Early Warning Test for Ectopic Pregnancy

Early Warning Test for Ectopic Pregnancy

What makes ectopic pregnancy the leading cause of death for pregnant women in their first trimester is the condition’s unpredictability. A growing embryo, lodged dangerously in the Fallopian tubes, occurs about once in 100 pregnancies, but most cases are not discovered until a patient seeks treatment in the emergency room. 

Now, however, Wistar researchers have discovered a set of protein biomarkers — blood-borne indicators of disease — that may provide doctors with the first blood test for ectopic pregnancy. 

David W. Speicher, Ph.D.

“The great power of biomarkers is to detect clinical disorders such as ectopic pregnancy or diseases, such as cancer, early when it is often easiest to treat the patient,” said David W. Speicher, Ph.D., who conducted the research with colleagues at Wistar and the University of Pennsylvania. “Here we can envision a useful blood test that could, as part of routine early prenatal care, save the lives of many women.”

According to Speicher, their work points to the power of proteomics — the study of the sum total of proteins that the body is making at a given time — in understanding the state of health or disease in people. Wistar has expertise in advanced proteomics, and Wistar researchers predict the discovery of new biomarkers that will expand the ability of doctors to detect and treat a variety of diseases. 
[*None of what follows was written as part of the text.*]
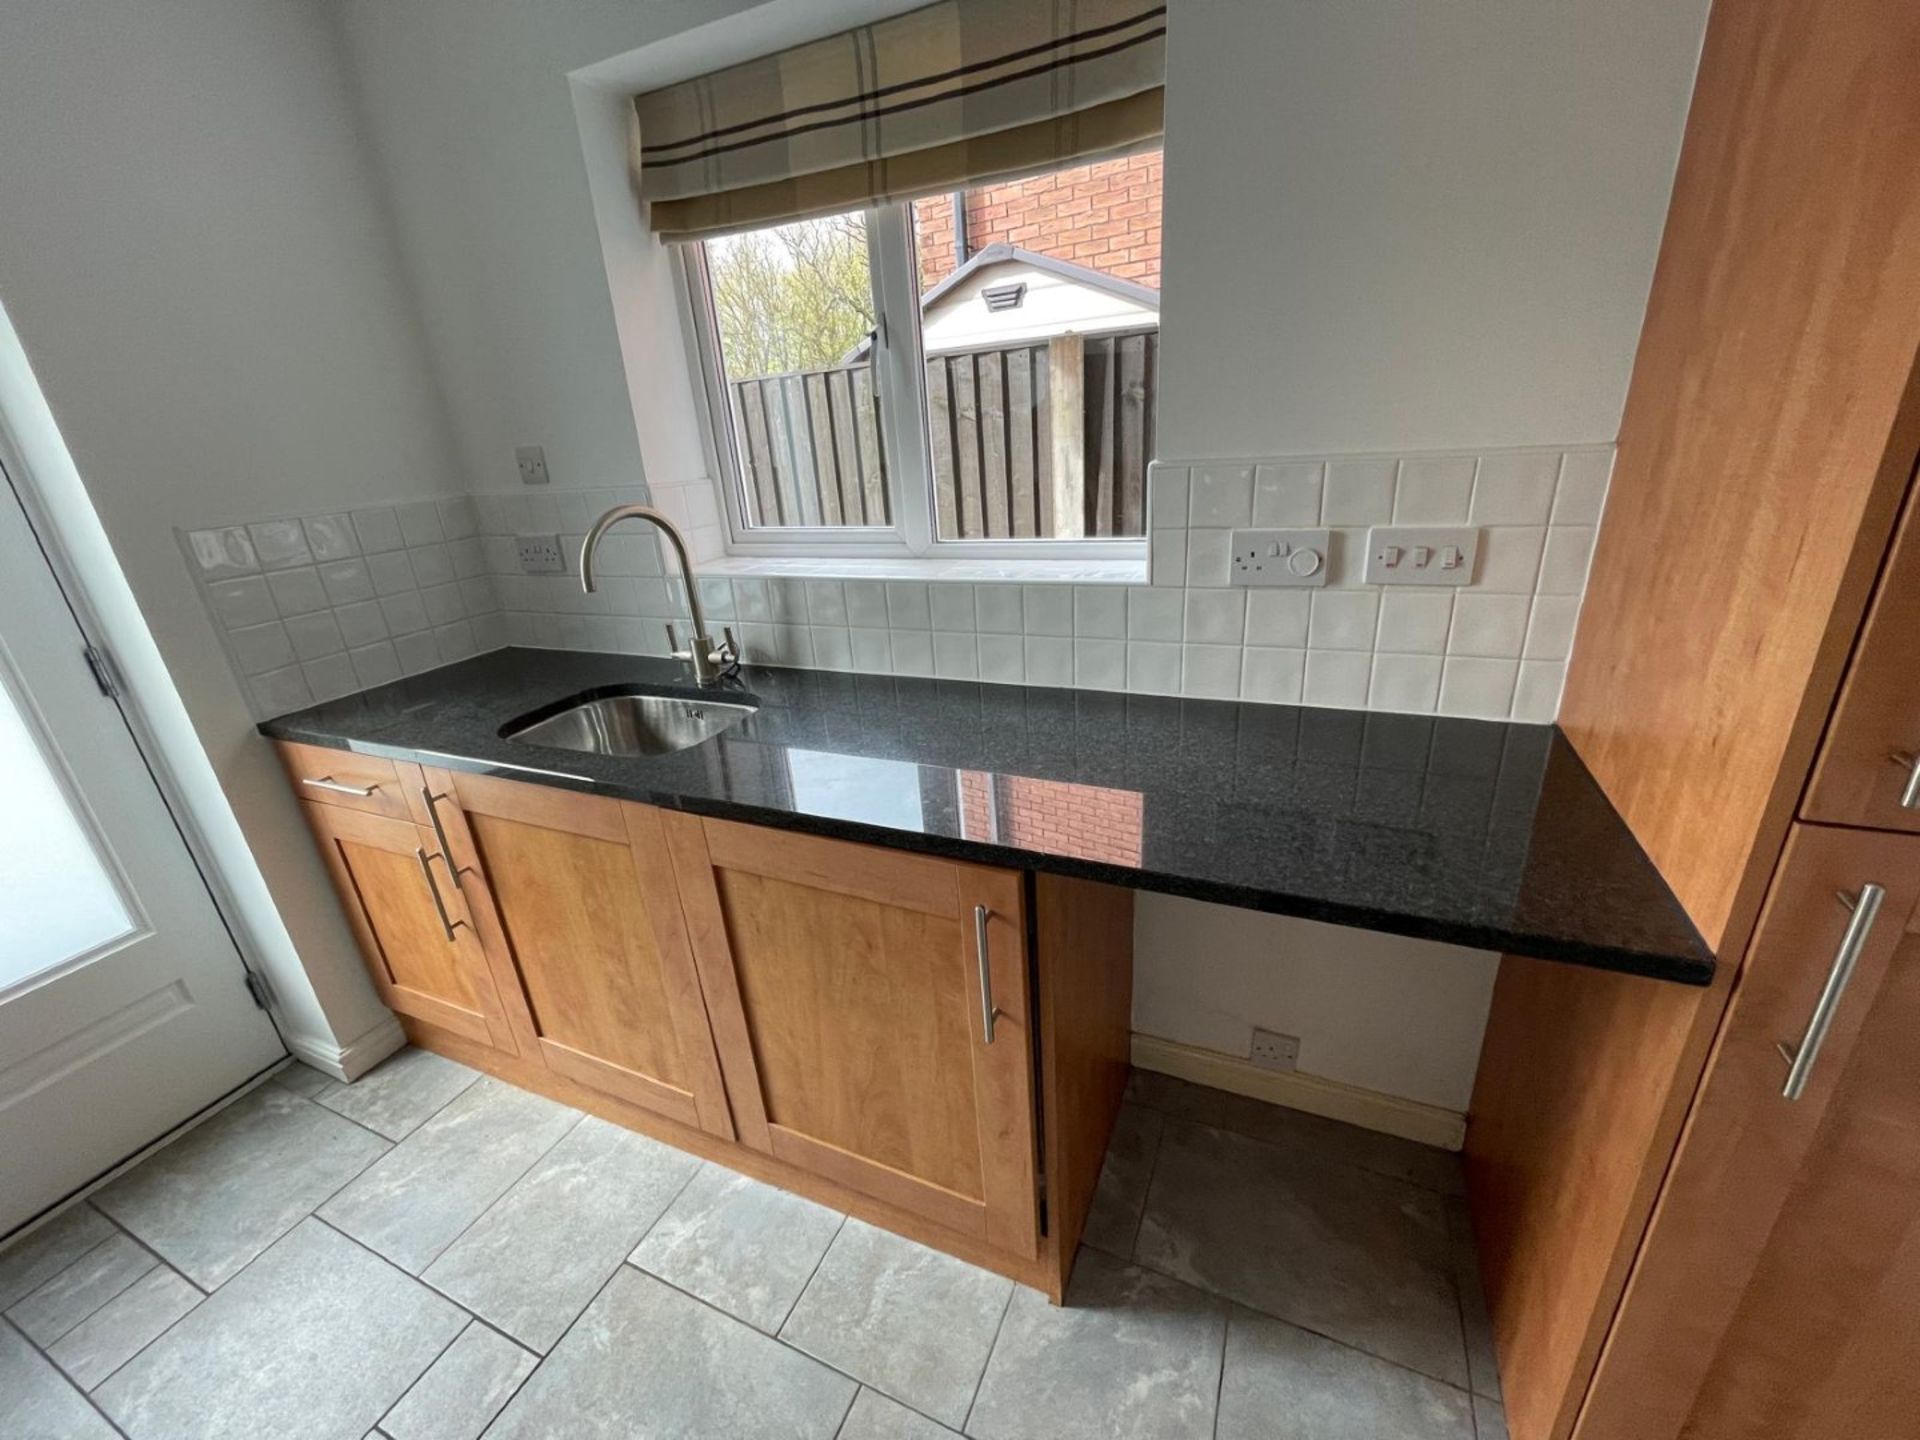 1 x Shaker-style, Feature-rich Fitted Kitchen with Solid Wood Doors, Granite Worktops and Appliances - Image 19 of 111
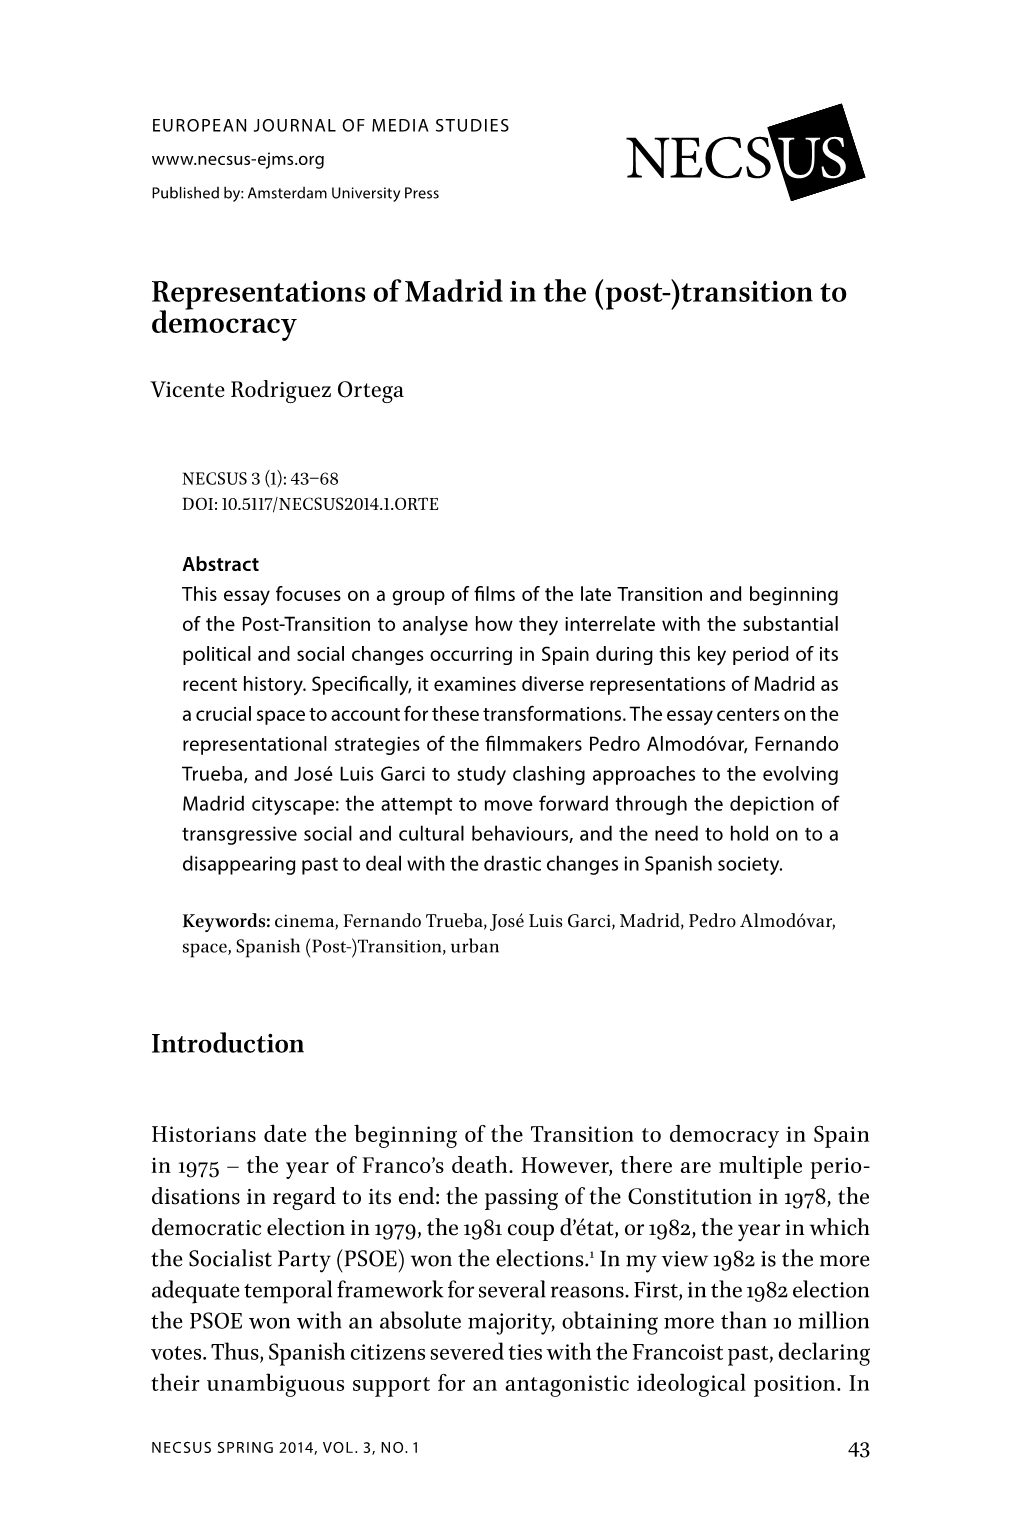 Representations of Madrid in the (Post-)Transition to Democracy

Proteomics provides researchers an “unbiased” approach to the discovery of biomarkers, proteins in this case, which could be used to signal the presence of a particular clinical disorder or disease.

“Most biomarkers being used clinically today were first discovered by focused studies of proteins known to be associated with a disease, such as the prostate-specific antigen (PSA) test for prostate cancer,” Speicher explained. “Proteomics is unbiased in the sense that we are not trying to confirm the presence of a known protein, we simply compare the entire protein profile of people in a particular clinical condition or disease state to the protein profile of people in a healthy state.”

“Instead of a single biomarker, we can define a panel of such markers, creating a test that weighs the relative importance of individual proteins,” Speicher said. “It makes for more sensitive, reliable tests.”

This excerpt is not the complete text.